The best thing to do, would be not to write this but I’m not able to contain myself when some people just makes me want to express myself any way I can. The only way I know is in writing.
I had a stab at drawing comics & cartoons at one point in time when I was still in school but I already knew writing is my thing. Not that I think I’m any good, but I get by. And there are lots of stories unpublished from the times when I wrote fiction and not much else. Then I gave up on the fiction.
Except for a blog post or two.
Now I only spill my thoughts and feelings out. Here. This blog which I have kept going for 11 years next month. Without friends online it would never have started. Without friends online it would not have lasted this long.
So, I have to say that meeting new people online, wherever it happens, and how, is always inspiring the urge to write. Something. Anything.
However, my somewhat complicated communication skills make me doubt myself more often than not. The process of learning what comes naturally to most, is a challenge on a daily basis. Not going to dwell on that just now, though.
The reason I write this, is because I feel happy for the first time in a long time. Happy to have fun, happy to chat, happy to make jokes and play the clown or fool or court jester or whatever. Happy to be me. Happy to be alive.
Maybe it has to do with Spring coming around, the Sun being back. The warm weather. The light.
Whatever, in this case I know it to be all because of one individual. She’s a gem. At least that’s how I see it. Most likely because I feel good seeing it that way. It brings the joy of being alive back. Not when I expected it. But probably when I needed it. Anyway, I’m simply grateful for it happening.
Now I should take a chill pill and go to sleep. Due to my past, that course of action is the only sensible one. Readers of my blog will know that I have managed to go overboard on several occasions with disasters as a result.
Not this time. This time, I play my part and keep myself under wraps. Better for me, better for everyone.
So many words, so little meaning.

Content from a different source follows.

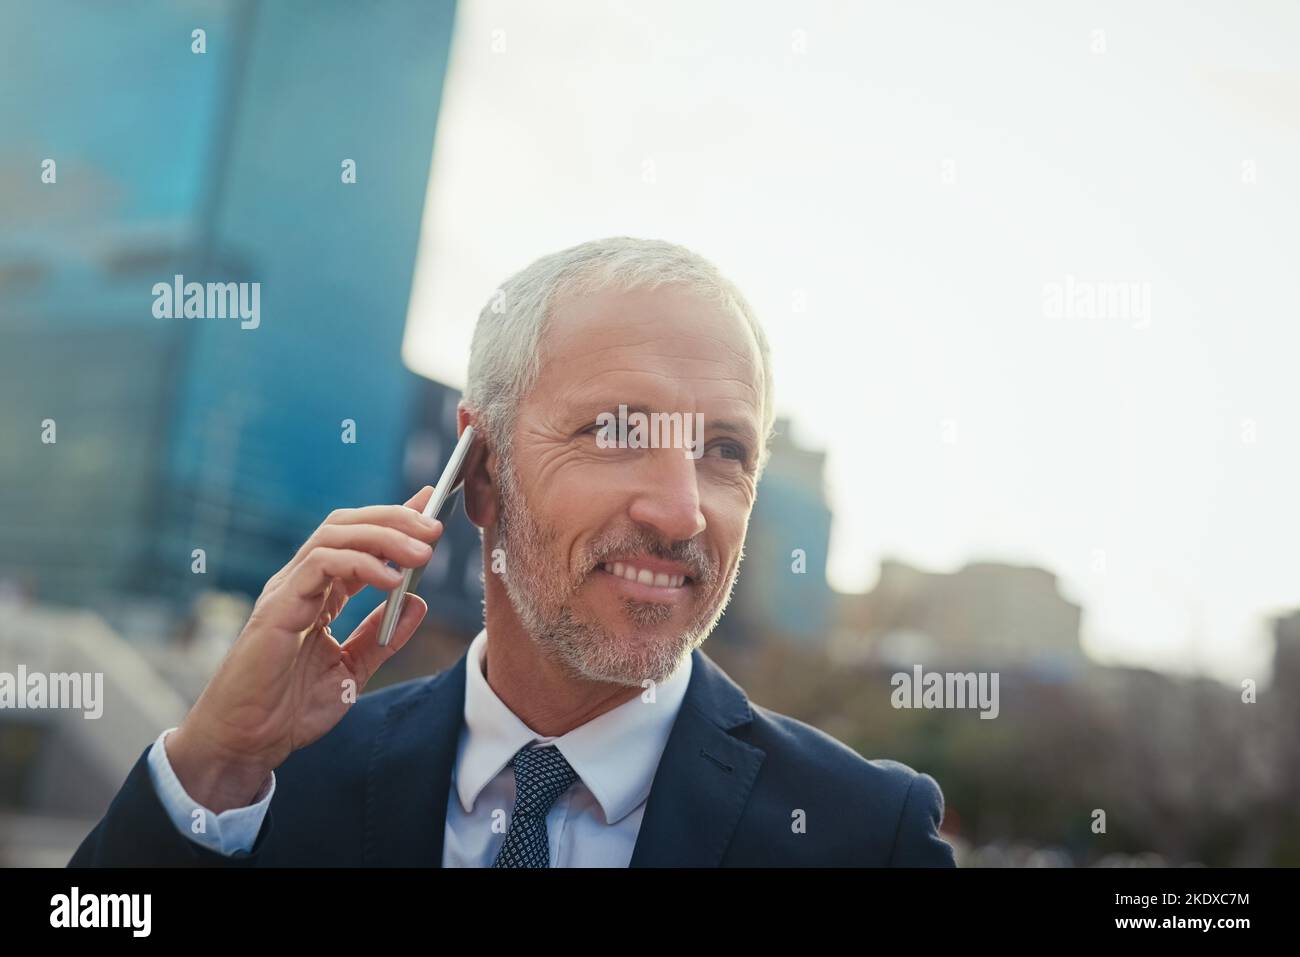 I call the shots around here. a businessman answering his phone while walking to his office in the city. Stock Photo

Sorry, at least I’m being honest. I’m complicated. Only my own fault.
One friend used to tell me to not bash myself into the ground. Not only one but two friends told me that. I should not think less of myself. So now I try but I can’t say I don’t struggle with it all the time. So easy to fall into it. To feel like I’m of no use just because I stumble on the road of life, now and then.
What’s my point? No idea, but thanks for reading.